1)我们在充分了解巯基化学、DNA结合药物、DNA的化学结构与毒性的关系以及DNA的放射增敏化学的基础上，设计了一个新的多功能抗癌药物的开发指南。2）根据我们自己的指南，我们分别合成了噻唑烷-2-硫酮、硝基呋咱、3-硝基三唑和2-硝基咪唑。对这些新化合物和香茶菜属二萜化合物冬凌草甲素进行了体内外生物筛选试验。从结果中可以看出以下事实。某些噻唑烷-2-羧酸类化合物具有较弱的免疫活性，但对醛糖还原酶有较强的抑制作用，可作为糖尿病慢性并发症的治疗药物。硝基呋咱类、3-硝基三唑类和2-硝基咪唑类化合物有望成为肿瘤放射治疗的放射增敏剂。肿瘤抑制剂冬凌草甲素对米索硝唑对乏氧细胞的放射增敏作用有相加作用。3）为了阐明临床上有用的抗癌药物喜树碱衍生物、博来霉素A2、多胺类放射增敏剂和苯并[C]-菲啶生物碱的作用机制，利用Tm测量、UV差谱和<^1 H> -和<^（13）C> -NMR谱研究了药物与DNA的相互作用。结果表明，苯并[C]-菲啶生物碱与双链和单链DNA中的核酸碱基形成了强的电荷转移复合物。

项目成果

Y. Nagao, E. Fujita, K. Inoue, M. Yamaki, S. Takagi, N. Sakamoto, and N. Hotta: "Synthesis of Aldose Reductase Inhibitors Having the Thiazolidine Skeleton" J. Pharmacobio-Dyn.8. s-176 (1985)

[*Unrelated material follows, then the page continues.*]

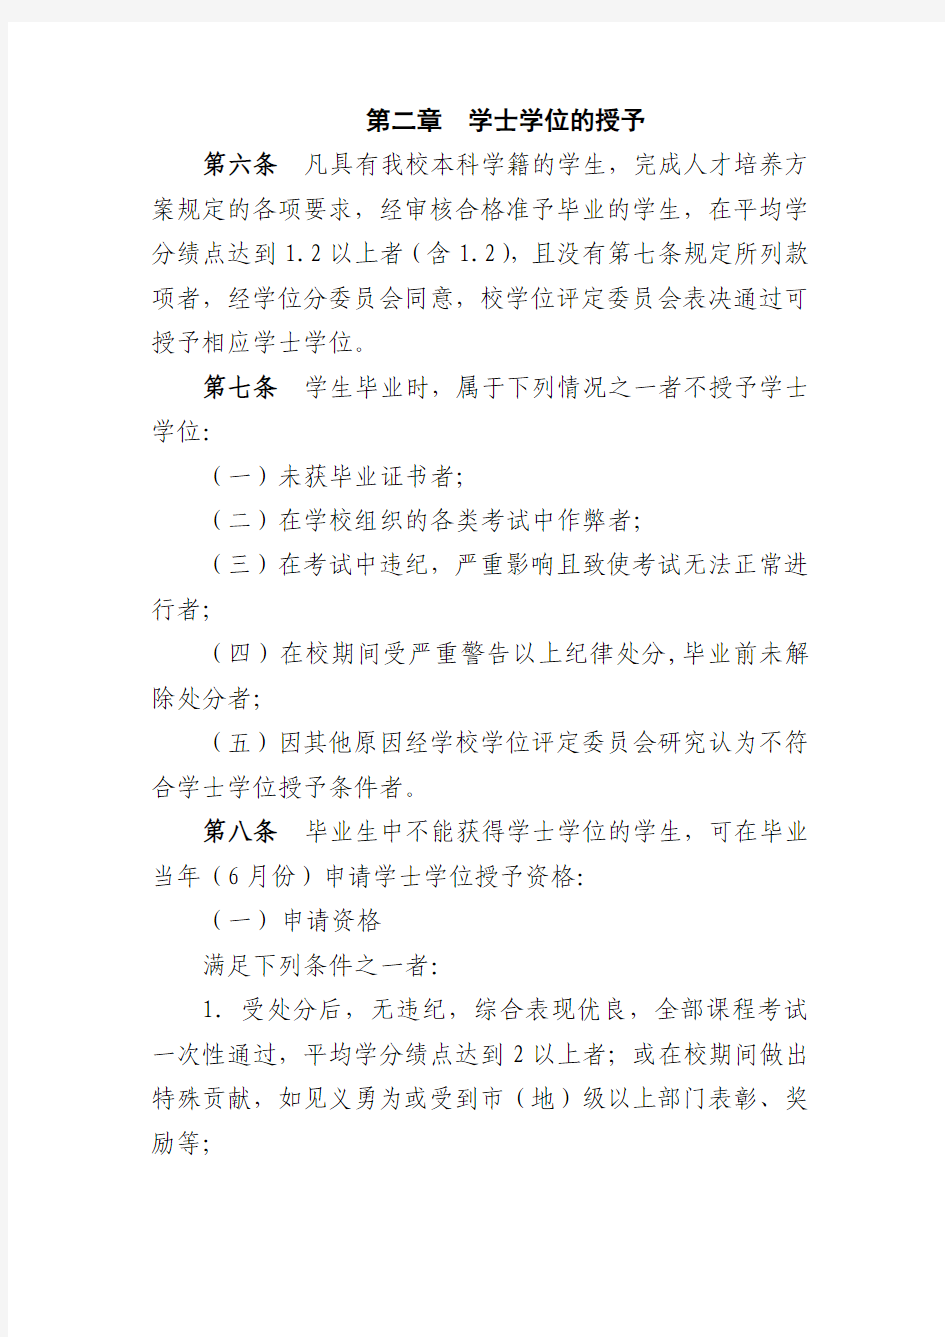 黑龙江科技大学学士学位授予工作实施细则

Y. Nagao、E. Fujita、K. Inoue、M. Yamaki、S. Takagi、N. Sakamoto 和 N. Hotta：“具有噻唑烷骨架的醛糖还原酶抑制剂的合成”J. Pharmacobio-Dyn.8。

Y. Nagao, S. Sano, M. Ochiai, K. Fuji, S. Nishimoto, T. Kagiya, Y. Shibamoto, M. Abe, C. Murayama, and T. Mori: "Synthetic Development of Hypoxic Cell Sencitizers Having 3-Nitrotriazole Moiety" J. Pharmacobio-Dyn.in press.

Y. Nagao、S. Sano、M. Ochiai、K. Fuji、S. Nishimoto、T. Kagiya、Y. Shibamoto、M. Abe、C. Murayama 和 T. Mori：“低氧细胞敏化剂的合成开发，具有 3

Y.Nagao;E.Fujita;K.Inoue;M.Yamaki;S.Takagi;N.Sakamoto;N.Hotta: J.Pharmacobio-Dyn.8. -176 (1985)

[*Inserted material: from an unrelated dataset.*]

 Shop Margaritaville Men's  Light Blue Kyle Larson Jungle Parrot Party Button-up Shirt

Y.Nagao；E.Fujita；K.Inoue；M.Yamaki；S.Takagi；N.Sakamoto；N.Hotta：J.Pharmacobio-Dyn.8。

Y. Nagao and M. Ochiai: "Design and Study of New Tumor Inhibitors" Bull. Inst. Chem. Res. Kyoto Univ.63. 132-155 (1985)

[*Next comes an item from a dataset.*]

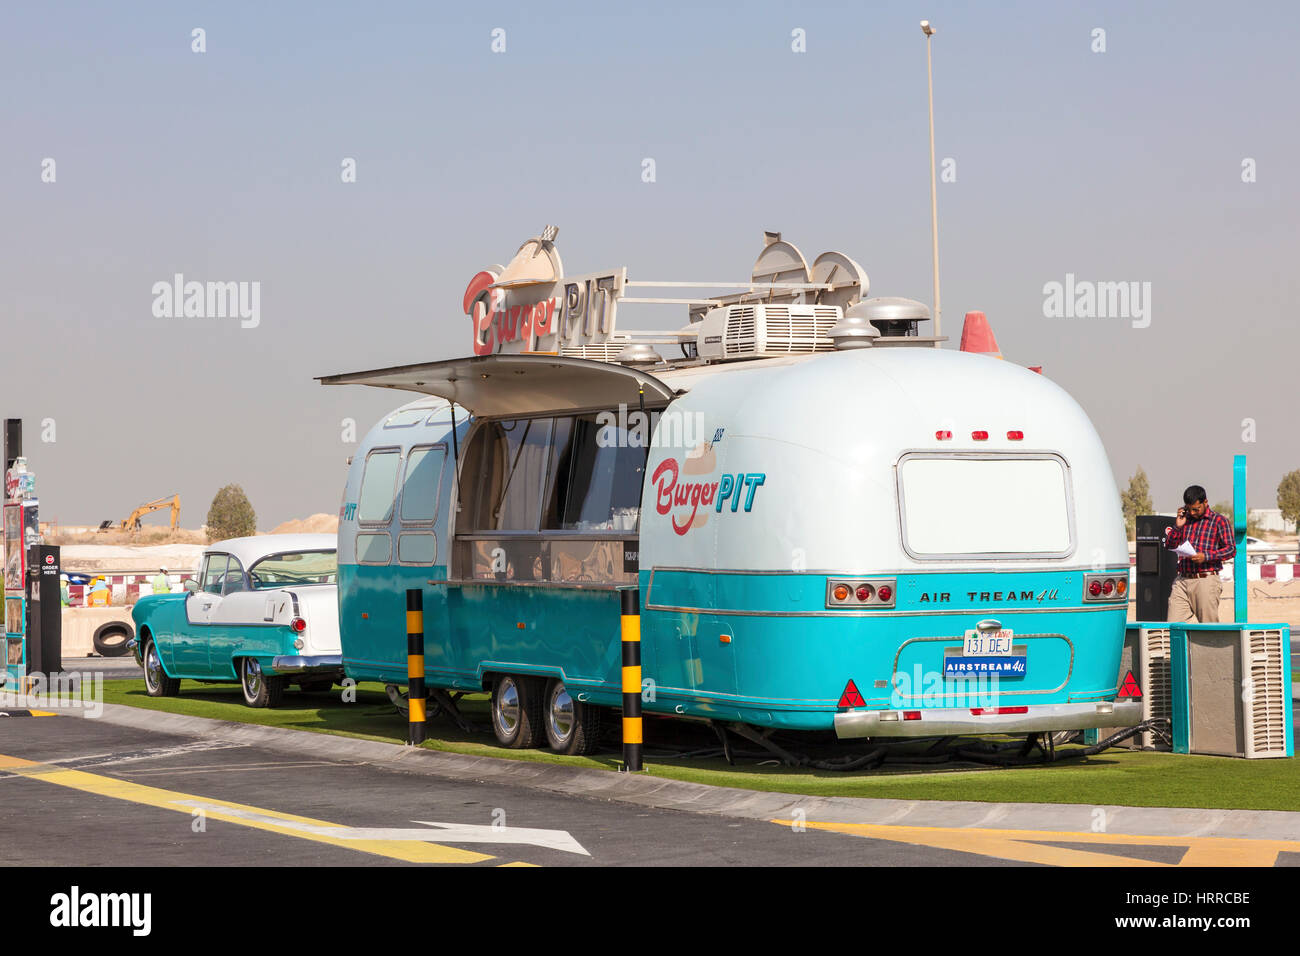 Dubaï, Émirats arabes unis - 27 nov., 2016 : caravane Airstream converti à un camion alimentaire alimentaire à la dernière sortie sur le parc de camions de l'autoroute E11 entre Abu Dhabi et Duba Banque D'Images

Y. Nagao 和 M. Ochiai：“新型肿瘤抑制剂的设计与研究”公牛。

Y. Nagao, T. Ikeda, T. Inoue, M. Yagi, M. Shiro, and E. Fujita: "J. Org. Chem." Highly Selective Nonenzymatic Chiral Induction into 3-Methylglutaric Acid and cis-4-Cyclohexen-1,2-ylenebis(acetic acid) Utilizing a Five-Membered Heterocycle 4(R)-MCTT. 50. 4

Y. Nagao、T. Ikeda、T. Inoue、M. Yagi、M. Shiro 和 E. Fujita：“J. Org. Chem”。